Integrating Mission Portal with git

CFEngine Enterprise 3.6 integrates with Git repositories to manage CFEngine policy. In particular, the Design Center App requires access to a Git repository in order to manage sketches.

Version Control and Configuration Policy describes an out-of-the-box Git repository that is hosted on the Policy Server with the initial CFEngine masterfiles and how to configure CFEngine Enterprise to use this repository. If you already have a Git server, ensure that you have a passphraseless SSH key.

NOTE that if you don't want to use a remote Git server, you don't need to change the Mission Portal settings

As you follow these steps, refer to the diagram in the CFEngine Enterprise sketch flow. It provides a detailed look at the file structure and services that make up the Design Center App.

Overview
  1. Check access
  2. Connect the Mission Portal to the git repository
  3. Test the Design Center app
  4. End to end waiting time
  5. Access control and security
Check access

If you want to use a remote Git server, test that you can log in as the git user by using the generated passphraseless ssh key.

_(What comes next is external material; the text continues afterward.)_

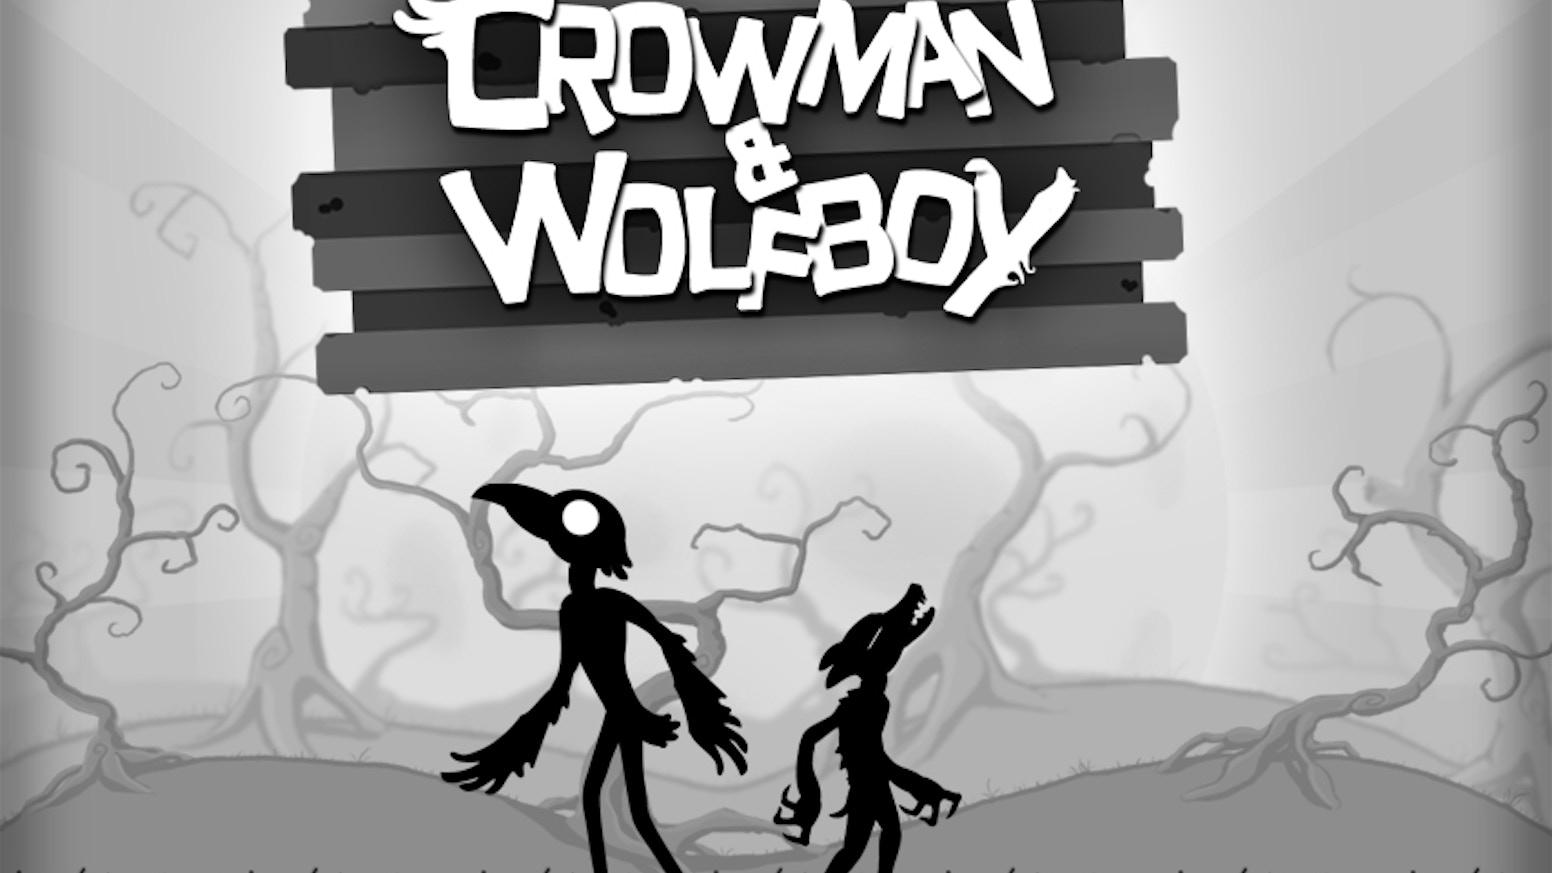 Crowman & Wolfboy - iOS Adventure by Wither Studios, LLC » Crowman

    root@policyserver $ ssh -i my_id_rsa git@remote-git-server
    git@remote-git-server $

Once the authorization is tested successfully, move the keypair to a secure storage location. You might want to authorize additional keys for users to interface with the repository directly. Only the Mission Portal key needs to be passphraseless. Your Git server can have additional features like the ability to make a specific key read-only. See your Git repository provider's documentation for more information.

Connect the Mission Portal to the git repository

NOTE that if you don't want to use a remote Git server, you don't need to change the Mission Portal settings

If you want to use a remote Git server, do the following.

  1. Log in to the Mission Portal as an administrator (e.g. the admin user).
  2. Navigate to Settings -> Version control repository.
  3. Input the settings from the Git service that you are using or configured.
  • Git server url: git@remote-git-server:masterfiles.git
  • Git branch: master
  • Committer email git@your-domain-here
  • Committer name CFEngine Mission Portal
  • Git private key my_id_rsa (You will need to copy the private key to your workstation so that it can be accessed via the file selection.
  1. Click save settings and make sure it reports success.
Test the Design Center app
  1. Log in to the Mission Portal as an administrator (e.g. the admin user).
  2. Select the Design Center at the left.
  3. View the listing of some sketches that are available out of the box.
  4. Click the Packages::packages_removed sketch.
  5. Fill out the fields as shown by the example below, and click Show Hosts and then Activate. Test activation in Mission Portal
  6. Type "My test activation" into the commit message box and commit.
Review the change history from the git commit log

Our test sketch (created above) is now committed to the Git repository. Go to a clone of the Git repository, pull, and see that the commit is there:

  1. Fetch your latest commit (origin and master depend on your settings).

    $ git fetch origin master
    
  2. Rebase, and adjust to the branch you are using (master in this example).

    $ git rebase origin/master
    
  3. Note that the Git author (name and email) is set to the user of the Mission Portal, while the Git committer (name and email) comes from the Mission Portal settings, under Version Control Repository.

    $ git log --pretty=format:"%h - %an, %ae, %cn, %ce : %s"
            4190ca5 - test, test@localhost.com, Mission Portal, missionportal@cfengine.com : My test activation
    

We have now confirmed that the Mission Portal is able to commit to our Git repository and that author information is kept.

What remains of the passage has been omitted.